Assignment: Leave out the pictures and retype, exactly, the lines below from the line with "Cork City, Cork, Ireland. 06th" up to and including the line with "by Gregory Adams.", nothing more.
### Data excerpts ###
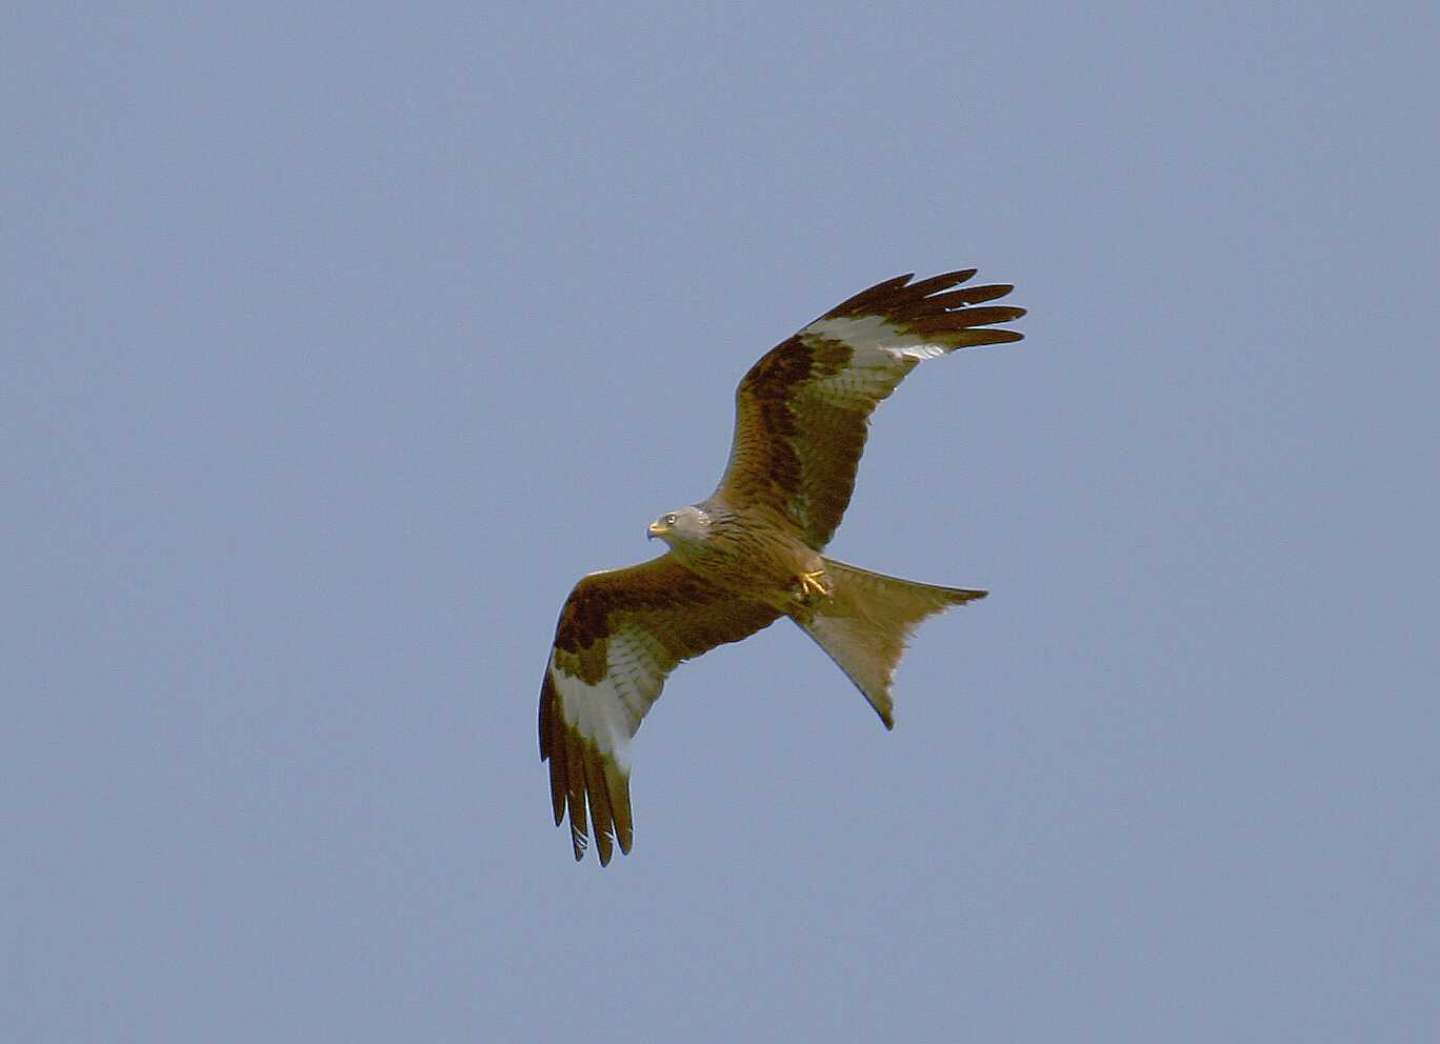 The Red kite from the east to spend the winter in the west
###
### Data excerpts ###
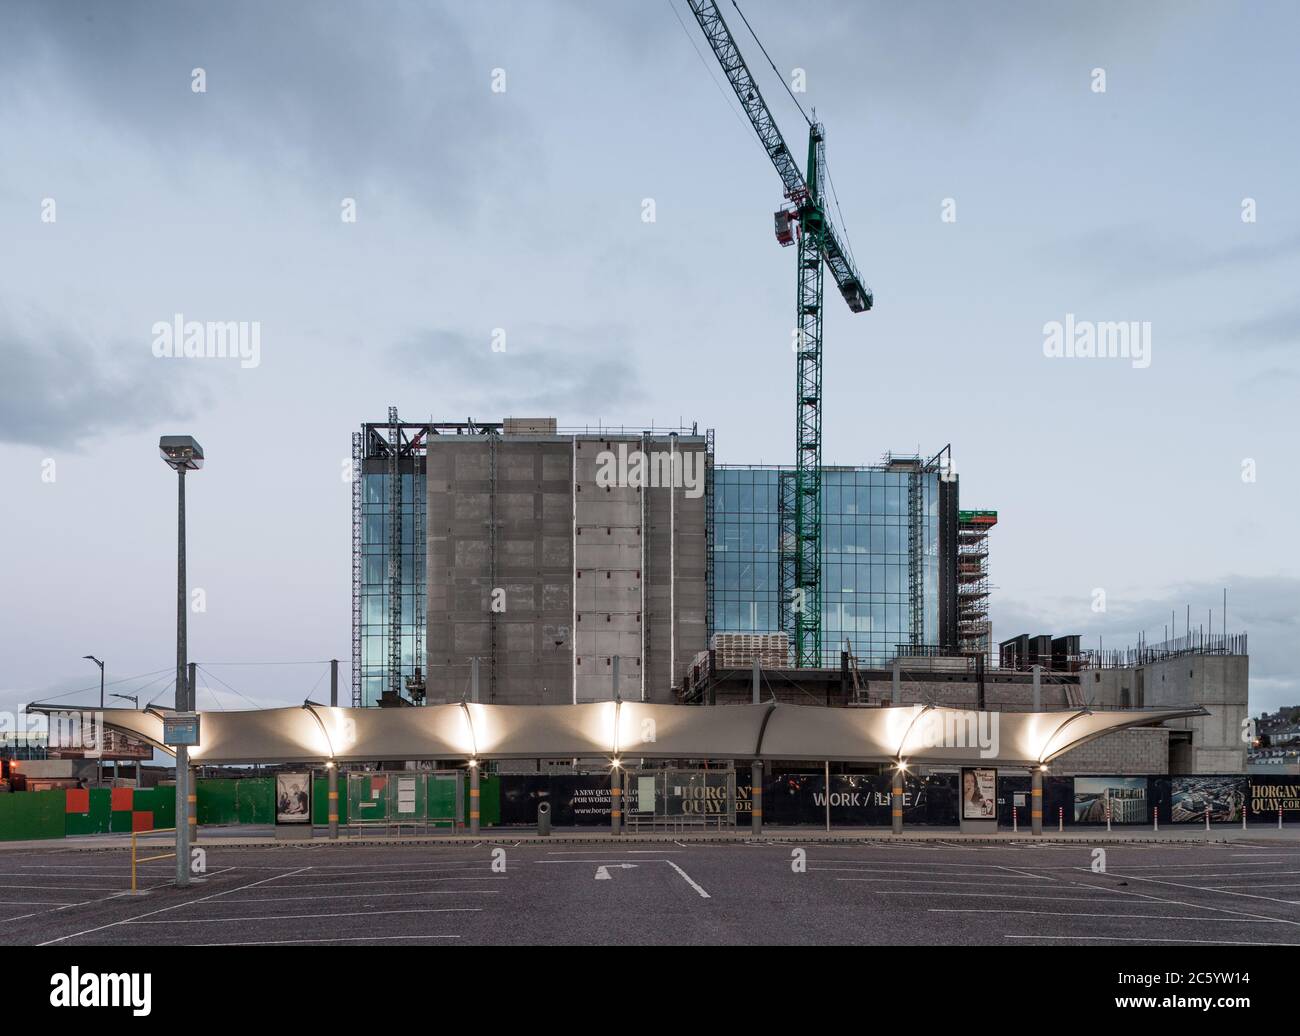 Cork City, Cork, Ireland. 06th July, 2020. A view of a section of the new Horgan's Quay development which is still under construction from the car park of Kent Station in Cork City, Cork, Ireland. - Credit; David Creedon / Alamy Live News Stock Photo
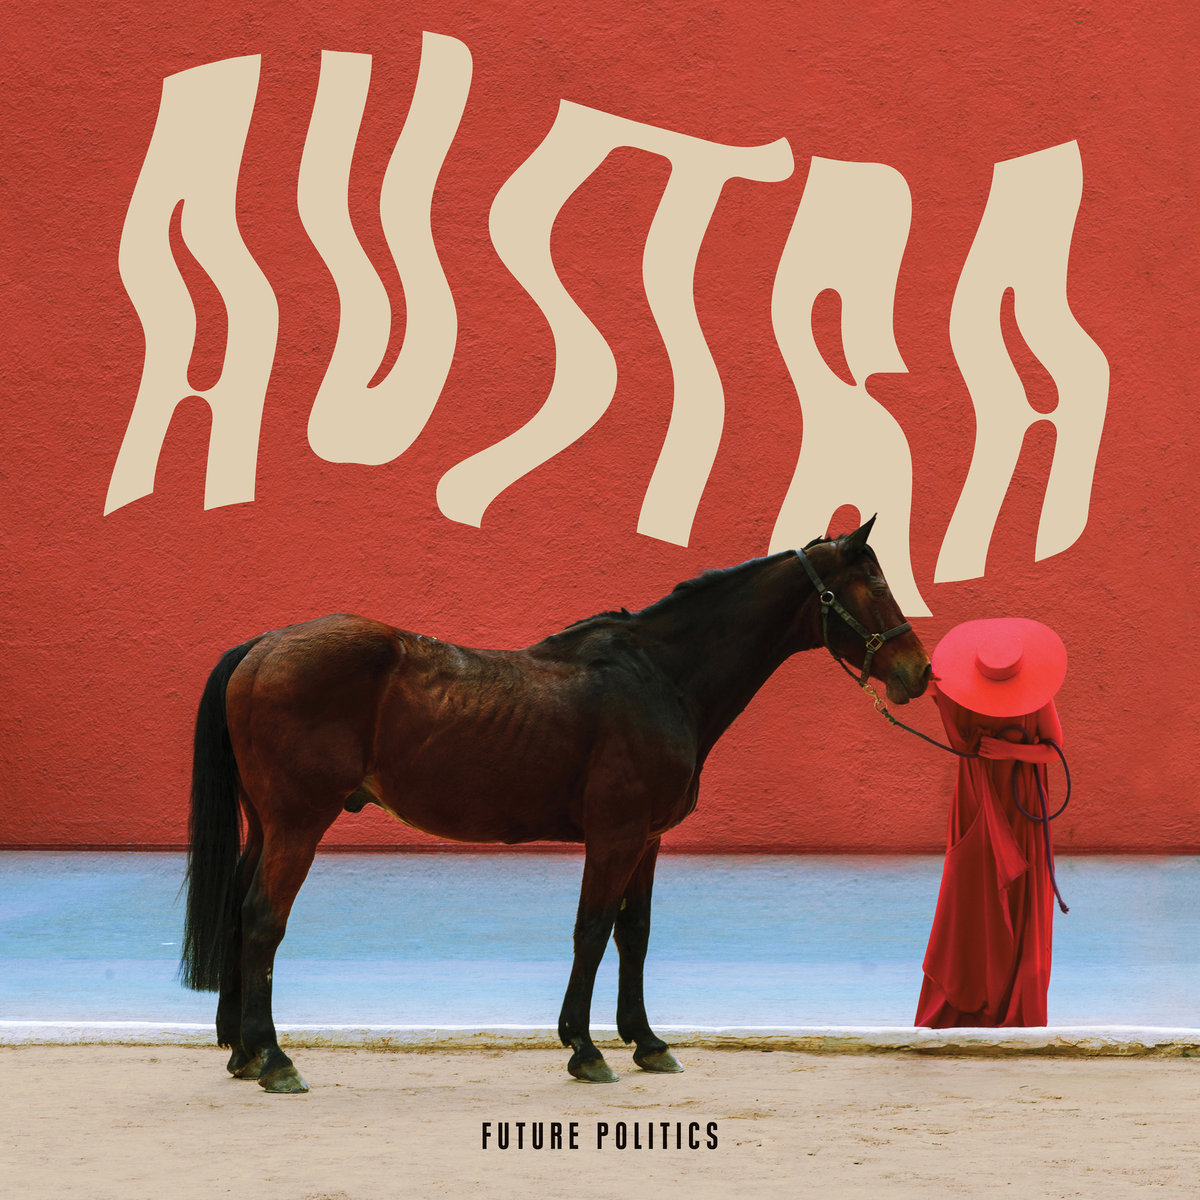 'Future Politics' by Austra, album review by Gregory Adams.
###
### Data excerpts ###
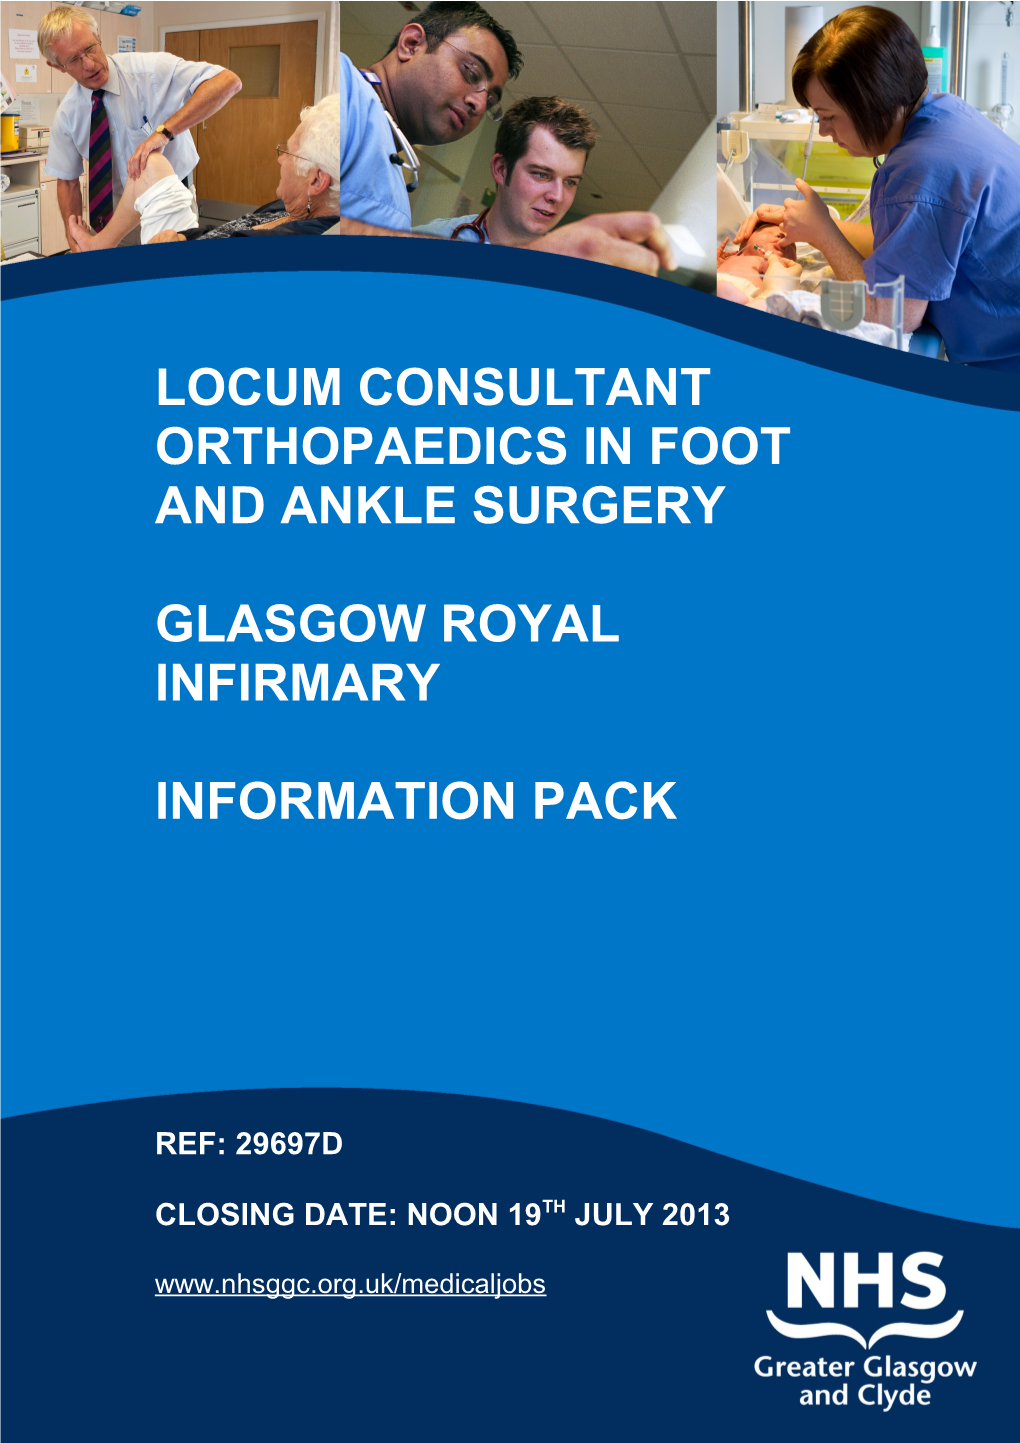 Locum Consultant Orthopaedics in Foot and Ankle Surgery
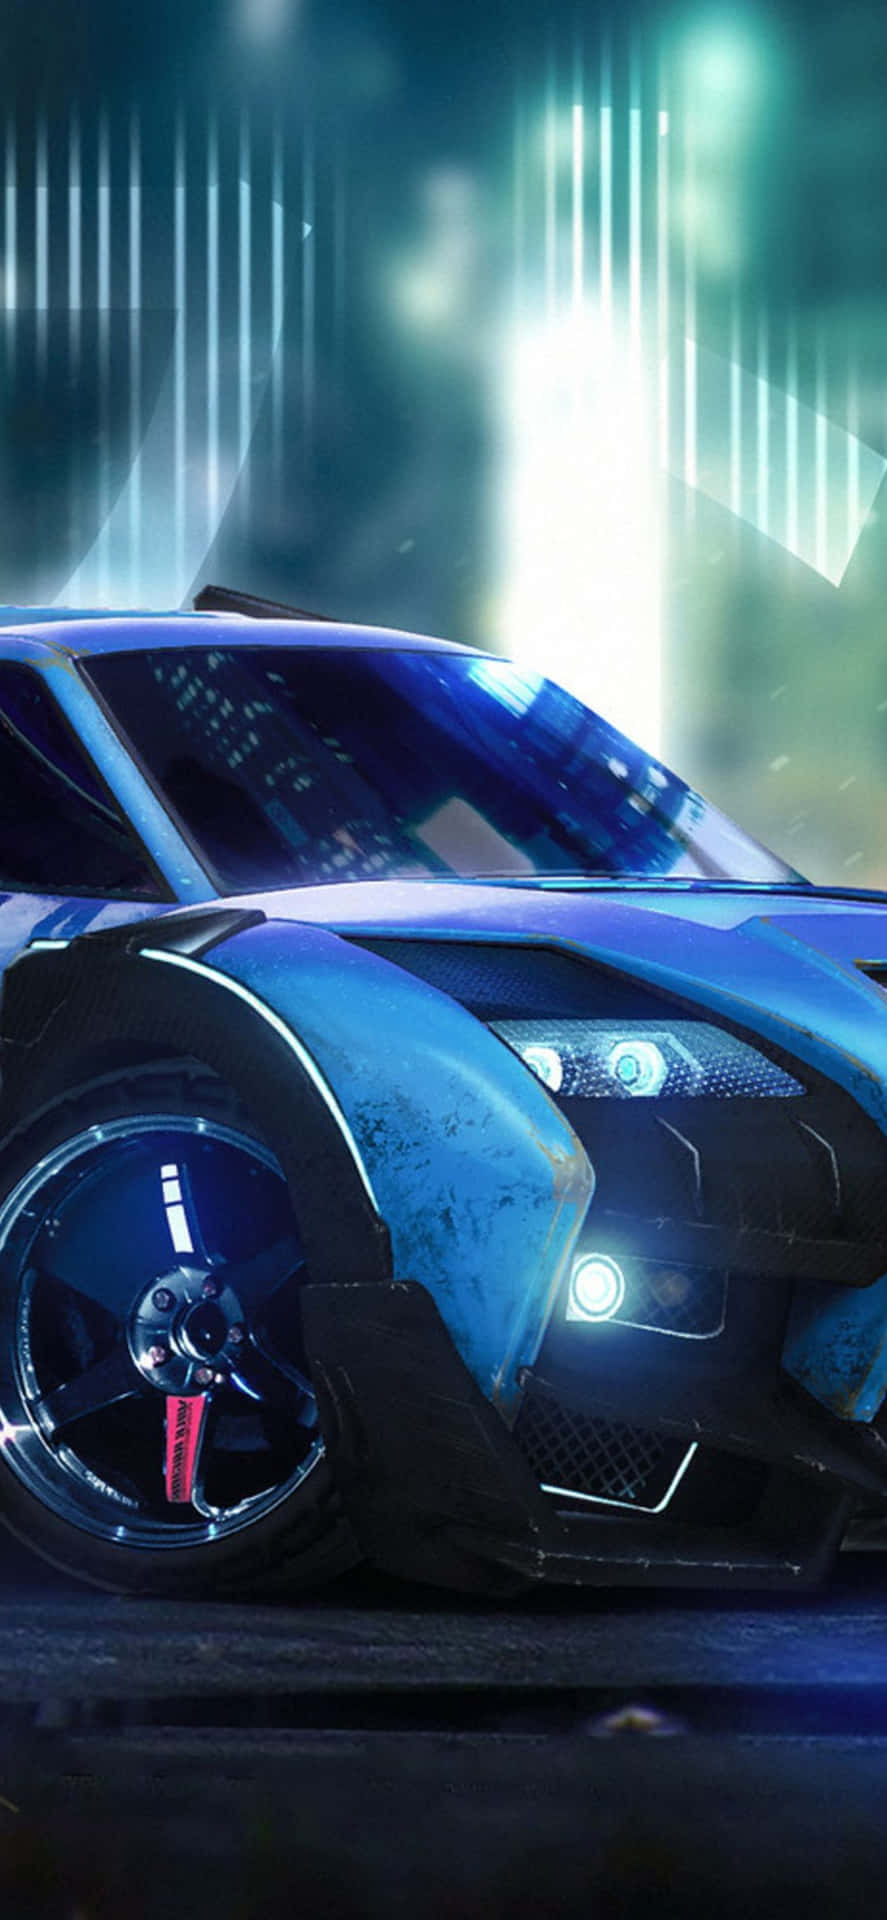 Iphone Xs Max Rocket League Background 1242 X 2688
###
Task response:
 Cork City, Cork, Ireland. 06th July, 2020. A view of a section of the new Horgan's Quay development which is still under construction from the car park of Kent Station in Cork City, Cork, Ireland. - Credit; David Creedon / Alamy Live News Stock Photo
 'Future Politics' by Austra, album review by Gregory Adams.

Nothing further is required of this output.